Support Gemma2-2b model for inference in Android

FranzKafkaYu commented 2 months ago

MediaPipe Solution (you are using)

Android library：com.google.mediapipe:tasks-genai:0.10.14

Programming language

Android Java

Are you willing to contribute it

None

Describe the feature and the current behaviour/state

currently we have no suitable MediaPipe format for Gemma2-2b running in Android,MediaPipe Python libraries can't complete conversion

Will this change the current API? How?

no

Who will benefit with this feature?

all of us

Please specify the use cases for this feature

use the latest Gemma2 model with mediapipe

Any Other info

No response

FranzKafkaYu commented 2 months ago

from MediaPipe official website.it says we can use AI Edge Torch to convert Gemma2-2b to suitable format but there are no more details:

If MediaPipe Python Convert tool can support this conversion it would be good.

thanks for all of you developers.

KennethanCeyer commented 2 months ago

Hi @FranzKafkaYu, I am currently looking into running Gemma 2 on AI Edge. Would it be possible to verify the source of the referenced image?

Came across a similar source, which includes a guide for running with tflite, and am now validating the reproducibility of that setup.

(Source: https://ai.google.dev/edge/mediapipe/solutions/genai/llm_inference#gemma-2_2b)

Thanks in advance.

Other related issues:

https://github.com/google-ai-edge/mediapipe/issues/5594

KennethanCeyer commented 2 months ago

It seems that the issue was raised based on the following link: https://ai.google.dev/edge/mediapipe/solutions/genai/llm_inference/android#model

The method for converting using AI Edge Torch is detailed in the guidelines provided in the above link. Unfortunately, it seems that for now, the .tflite conversion must be done manually.

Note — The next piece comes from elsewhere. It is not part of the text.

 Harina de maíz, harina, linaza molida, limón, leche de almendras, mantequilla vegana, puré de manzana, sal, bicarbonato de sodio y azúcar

Based on this, it seems the conversion process would be as follows: Downloading the .ckpt file via Kaggle -> Converting to .tflite using AI Edge Torch -> Implementing Android inference with the .tflite file using MediaPipe.

graph TD
    A[Kaggle .ckpt file] --> B[AI Edge Torch .tflite conversion]
    B --> C[MediaPipe Android inference]

P.S. It seems there might be a typo in the Android guide. "AI Edge Troch" should be corrected to "AI Edge Torch in the website.

KennethanCeyer commented 2 months ago

I think the documentation should mention about https://github.com/google-ai-edge/ai-edge-torch/blob/main/ai_edge_torch/generative/examples/gemma/convert_gemma2_to_tflite.py

FranzKafkaYu commented 2 months ago

Hi @FranzKafkaYu, I am currently looking into running Gemma 2 on AI Edge. Would it be possible to verify the source of the referenced image?

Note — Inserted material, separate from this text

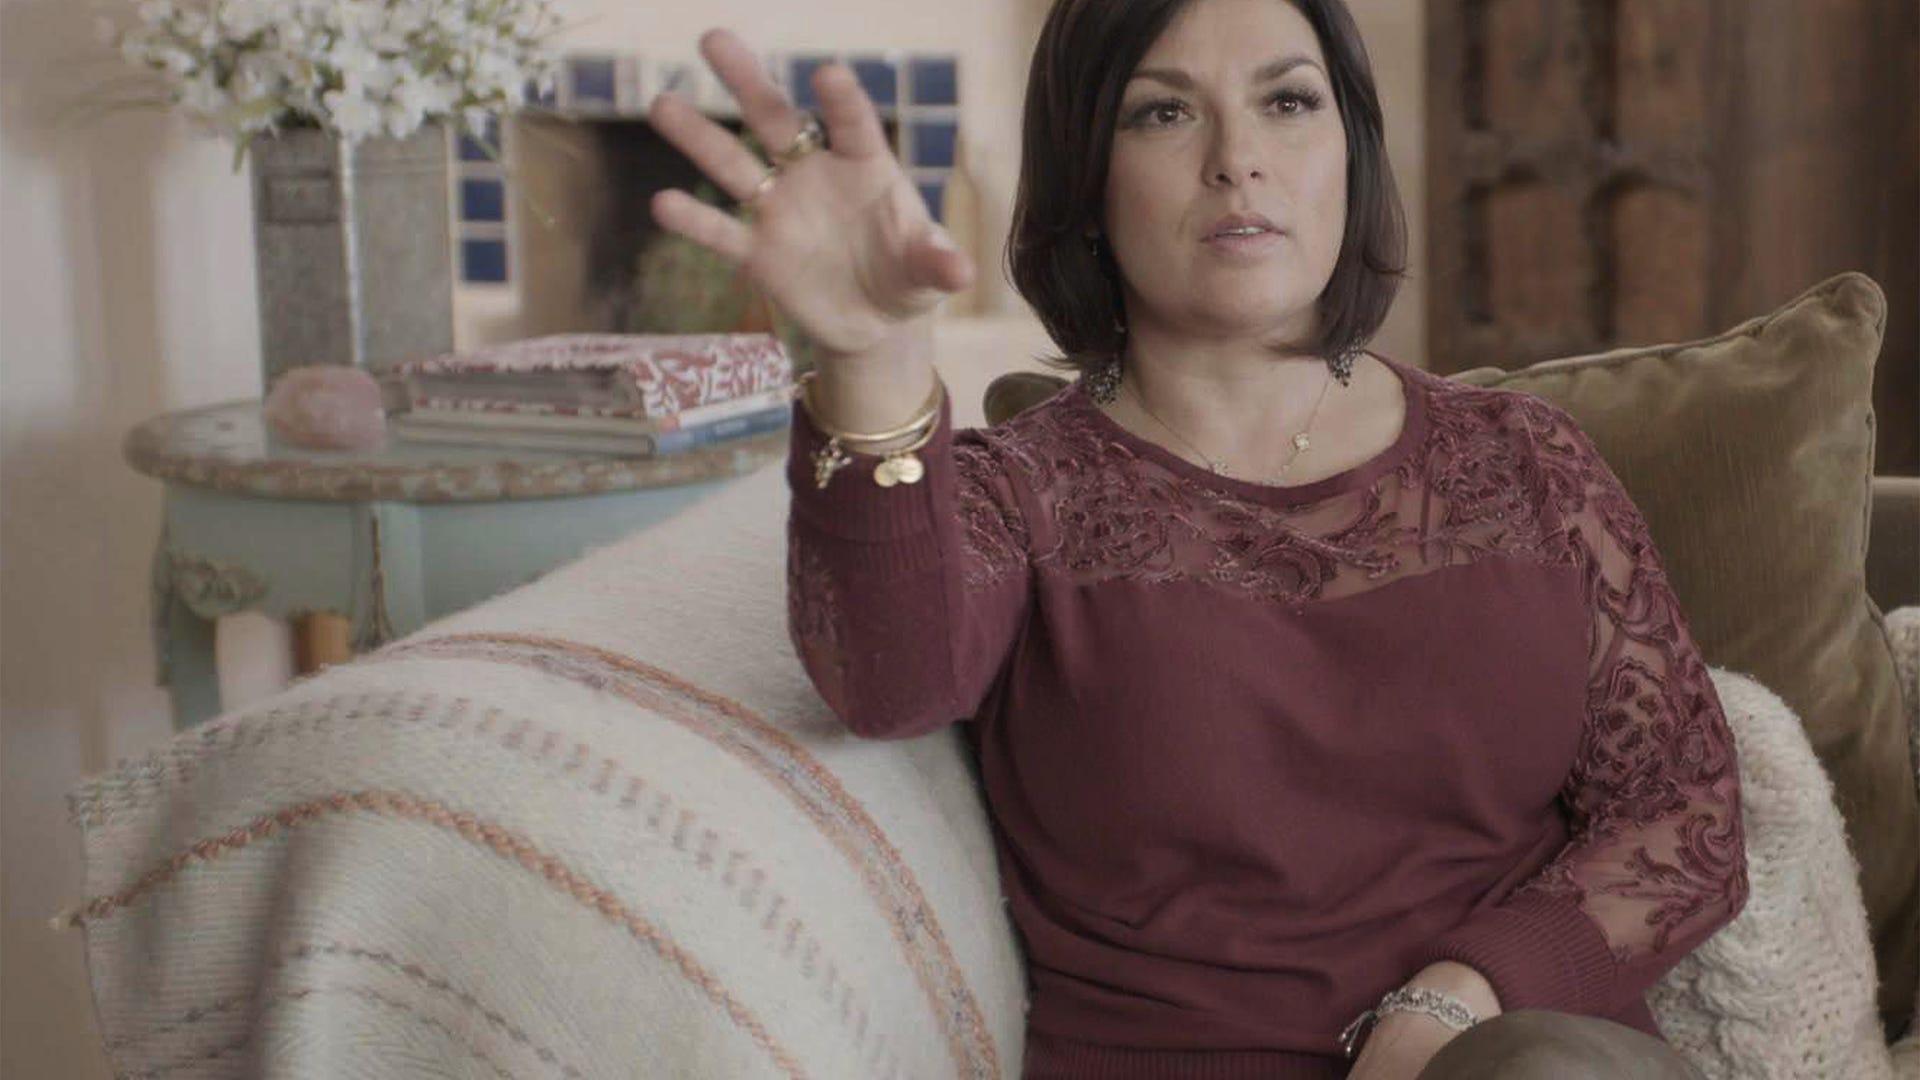 Rachel Benavidez, Surviving Jeffrey Epstein

Came across a similar source, which includes a guide for running with tflite, and am now validating the reproducibility of that setup.

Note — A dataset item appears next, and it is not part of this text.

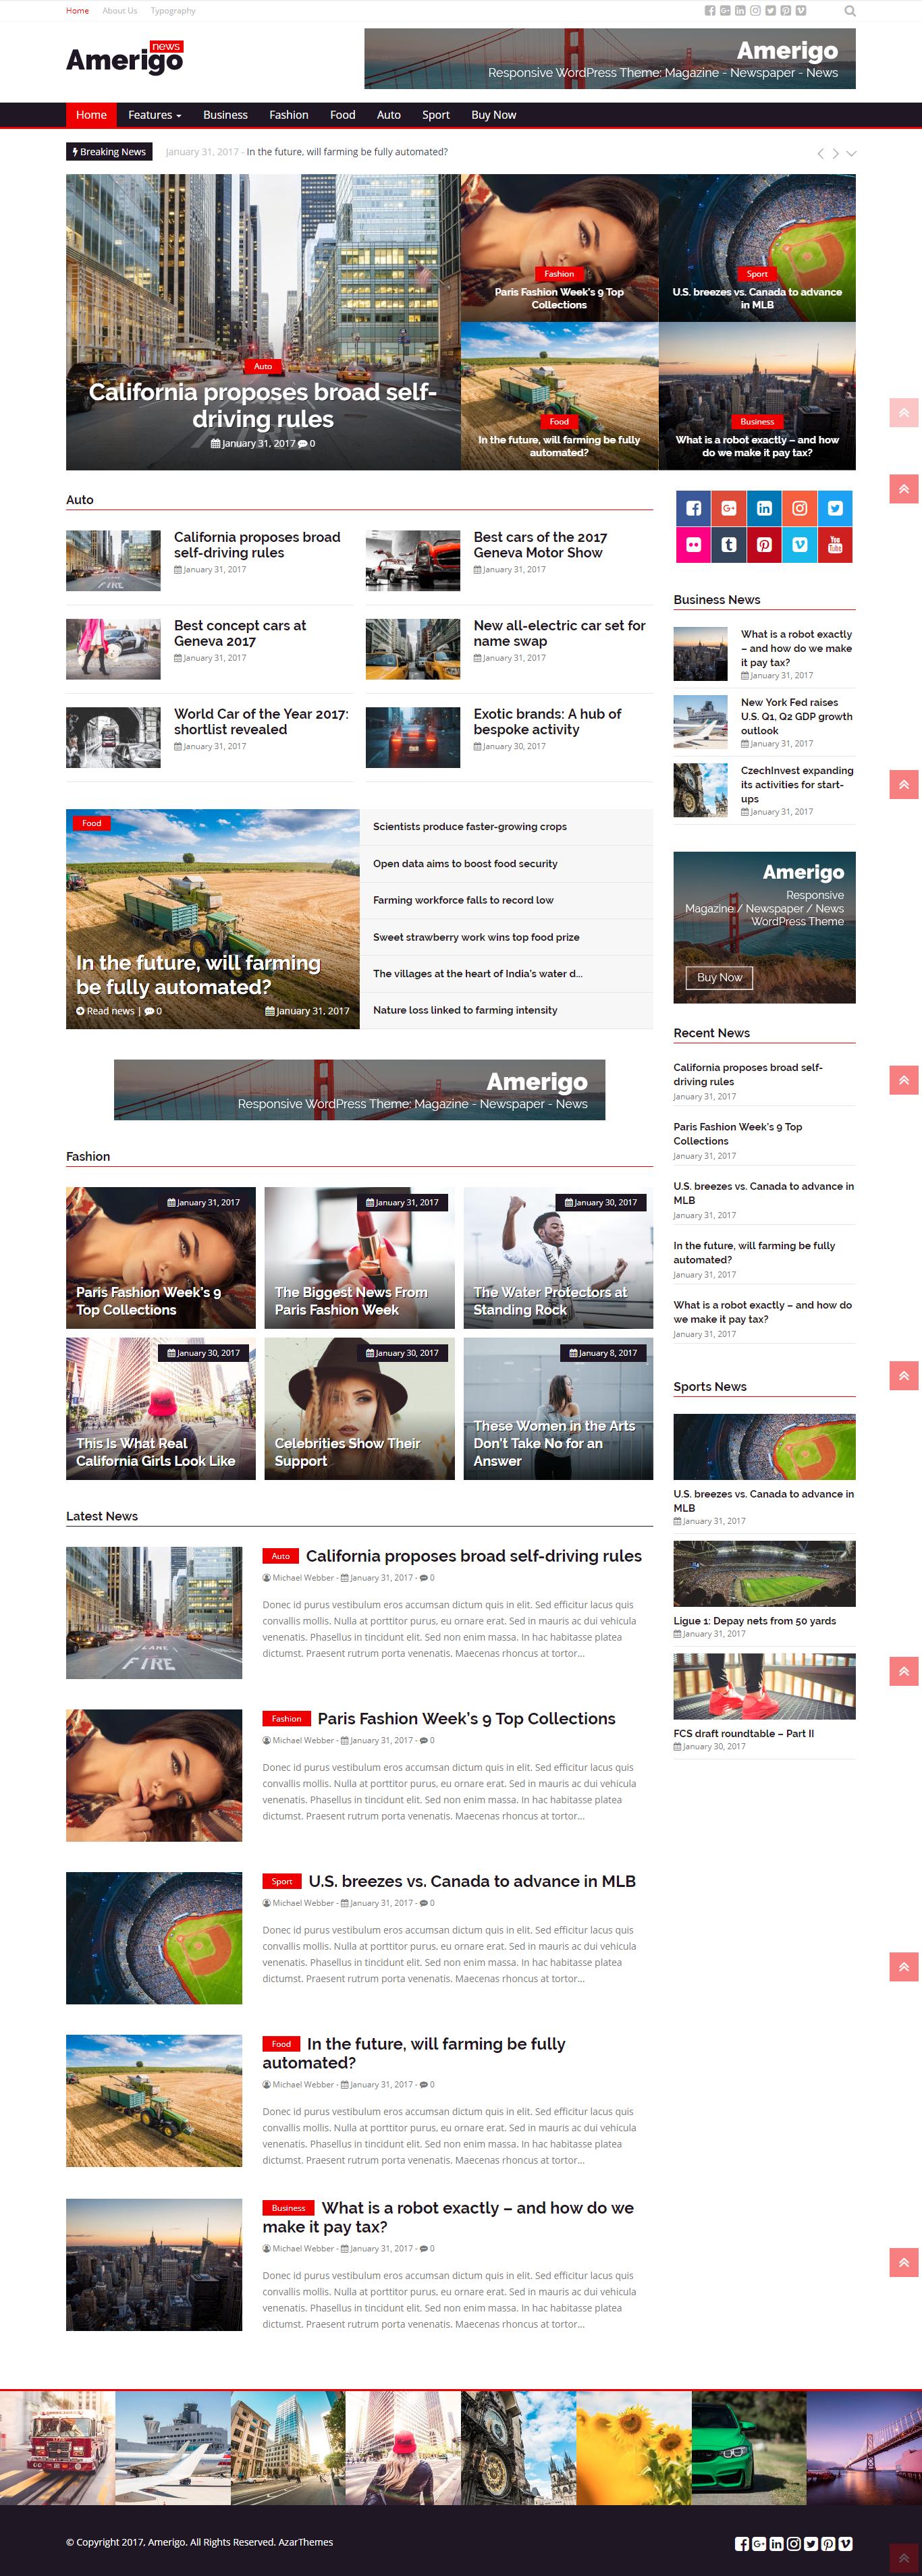 Amerigo - Responsive Newspaper / News / Magazine WordPress Theme ...

(Source: https://ai.google.dev/edge/mediapipe/solutions/genai/llm_inference#gemma-2_2b)

Thanks in advance.

Other related issues:

5594

@KennethanCeyer Hi Ken,you can find more details via this link,if you wanna use a model with MediaPipe Solutions/Framework,you need to conver model,safetensors/pytorch format->tflite format->MediaPipe format.

currently if you use Gemma while not Gemma2,there are suitable formated models from kaggle,you can check this link,while Gemma2 doesn't.

MediaPipe has provided a python library for converting safetensors/pytorch format->MediaPipe format with two different methods,details here,but now this library doesn't support Gemma2 in Native model conversion,so the only choice is AI Edge model conversion,which need use AI Edge Torch tool to convert first to get the TFLite format and then use MediaPipe Python library to bundle the model.

But I have checked AI Edge Torch,it lacks details to how can we complete this convert first,and in MediaPipe LLM Inference API demonstrations there are little informations about how can we use these “bundled model”,which is ended with .task,the sample code used a native model,which is ended with .bin.

I have tried other project,like llama.cpp and gemma.cpp,the performance is not good because they mainlly use CPU to excute inference.You can have a try but I think MediaPipe witch GPU backend would be better.

I am not a native English speaker,so my English is not very good.Hope these info can help you.

FranzKafkaYu commented 2 months ago

I think the documentation should mention about https://github.com/google-ai-edge/ai-edge-torch/blob/main/ai_edge_torch/generative/examples/gemma/convert_gemma2_to_tflite.py

GOOD,I will try this script and see whether we can go to the next step

KennethanCeyer commented 2 months ago

Hi @FranzKafkaYu, Thank you for the explanation you've done an excellent job explaining the situation.

I've actually been investigating the same issue of using Gemma 2 with LiteRT(.tflite) on MediaPipe, which is what brought me to this discussion. From all the issues, code records, and documentation I've reviewed, it seems .tflite distribution of Gemma 2 hasn't yet been registered .tffile in the kaggle or huggingface registry. (It looks like they're working hard on this and it seems probably in their roadmap, but there's no official file available yet.)

Based on the most recent visible documentation, it appears we need to convert the .ckpt file to .tffile using AI Edge Torch, and then use it according to each specific use case. (It seems like the documentation is lacking. It doesn’t look like it’s been around for very long)

The code I mentioned above seems to be the closest thing to an official guide at the moment. I'm currently working on this myself, and I'm planning to write a blog post about it when I'm done. Once it's ready, I'll make sure to share the link here in this issue for reference.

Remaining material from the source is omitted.